Metadata-Version: 2.2
Name: fast_loadtxt
Version: 0.1.0
Summary: High-performance numpy.loadtxt replacement using mmap + OpenMP + fast_float
License: MIT
Project-URL: Homepage, https://github.com/aayush21-work/fast_loadtxt
Project-URL: Issues, https://github.com/aayush21-work/fast_loadtxt/issues
Requires-Python: >=3.8
Requires-Dist: numpy
Description-Content-Type: text/markdown

# fast_loadtxt

A high-performance drop-in replacement for `numpy.loadtxt`, built with **mmap + OpenMP + fast_float**.

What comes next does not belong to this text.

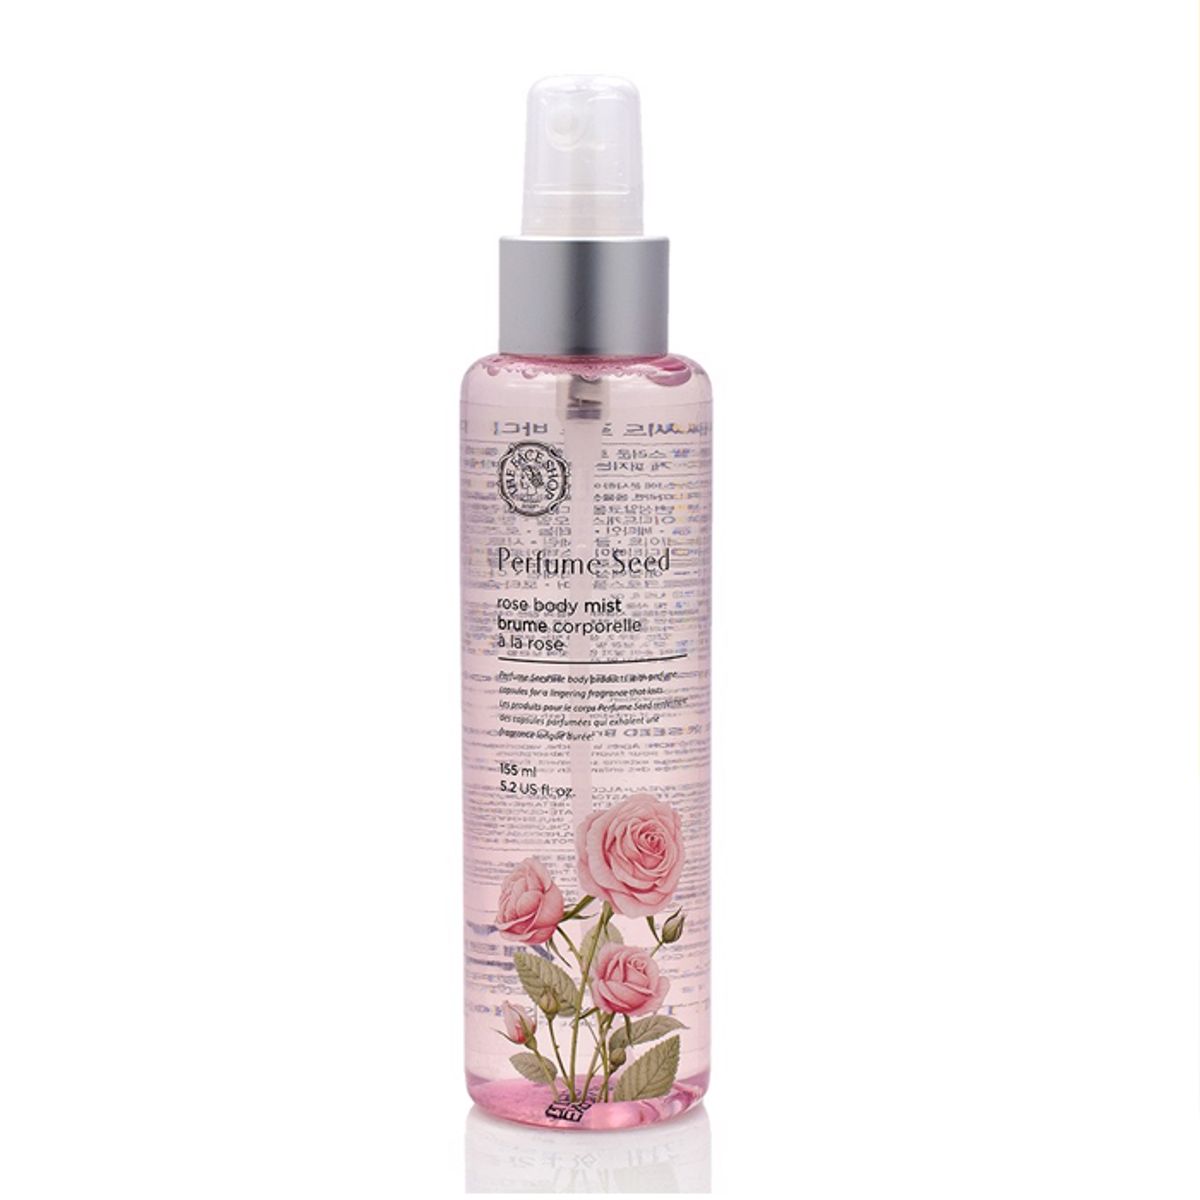 xit-duong-the-huong-nuoc-hoa-perfume-seed-rose-body-mist-155ml-1

Designed for scientific computing workflows where loading large text data files is a bottleneck — simulation outputs, observational datasets, parameter chains, etc.

## Why?

`numpy.loadtxt` reads the entire file into memory, parses it single-threaded, and creates intermediate Python objects. For large files this is slow and memory-hungry.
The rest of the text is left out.